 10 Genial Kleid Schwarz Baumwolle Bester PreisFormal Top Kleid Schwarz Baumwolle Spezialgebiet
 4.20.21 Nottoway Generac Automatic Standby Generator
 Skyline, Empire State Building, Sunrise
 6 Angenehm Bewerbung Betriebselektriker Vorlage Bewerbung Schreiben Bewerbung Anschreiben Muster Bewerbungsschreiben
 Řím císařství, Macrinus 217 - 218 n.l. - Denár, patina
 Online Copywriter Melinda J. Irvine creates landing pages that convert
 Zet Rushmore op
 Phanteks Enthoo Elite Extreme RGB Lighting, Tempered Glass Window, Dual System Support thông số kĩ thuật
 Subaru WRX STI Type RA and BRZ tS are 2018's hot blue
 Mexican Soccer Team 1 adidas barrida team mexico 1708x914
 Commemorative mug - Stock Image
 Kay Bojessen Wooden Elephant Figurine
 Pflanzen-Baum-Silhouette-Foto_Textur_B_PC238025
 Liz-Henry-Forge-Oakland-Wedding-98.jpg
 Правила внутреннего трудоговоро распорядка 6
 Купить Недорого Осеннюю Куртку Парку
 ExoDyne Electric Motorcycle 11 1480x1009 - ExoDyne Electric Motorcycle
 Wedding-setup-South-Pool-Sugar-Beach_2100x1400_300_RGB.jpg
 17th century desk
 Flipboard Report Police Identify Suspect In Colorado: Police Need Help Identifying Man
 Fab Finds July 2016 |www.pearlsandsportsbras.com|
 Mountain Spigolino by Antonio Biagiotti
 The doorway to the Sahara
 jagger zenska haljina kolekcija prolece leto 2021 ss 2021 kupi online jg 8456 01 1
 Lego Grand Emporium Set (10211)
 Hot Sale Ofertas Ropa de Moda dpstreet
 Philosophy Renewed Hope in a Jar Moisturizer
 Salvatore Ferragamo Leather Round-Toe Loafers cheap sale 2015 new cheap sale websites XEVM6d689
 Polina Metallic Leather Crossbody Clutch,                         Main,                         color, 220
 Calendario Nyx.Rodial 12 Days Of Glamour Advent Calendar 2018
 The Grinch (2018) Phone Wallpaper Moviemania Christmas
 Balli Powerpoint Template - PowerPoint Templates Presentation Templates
* * * *
**TASK:**
Only the number should be given: the count of lines in the entries that contain the string "Wedding".

**SOLUTION TO THE EXERCISE:**
2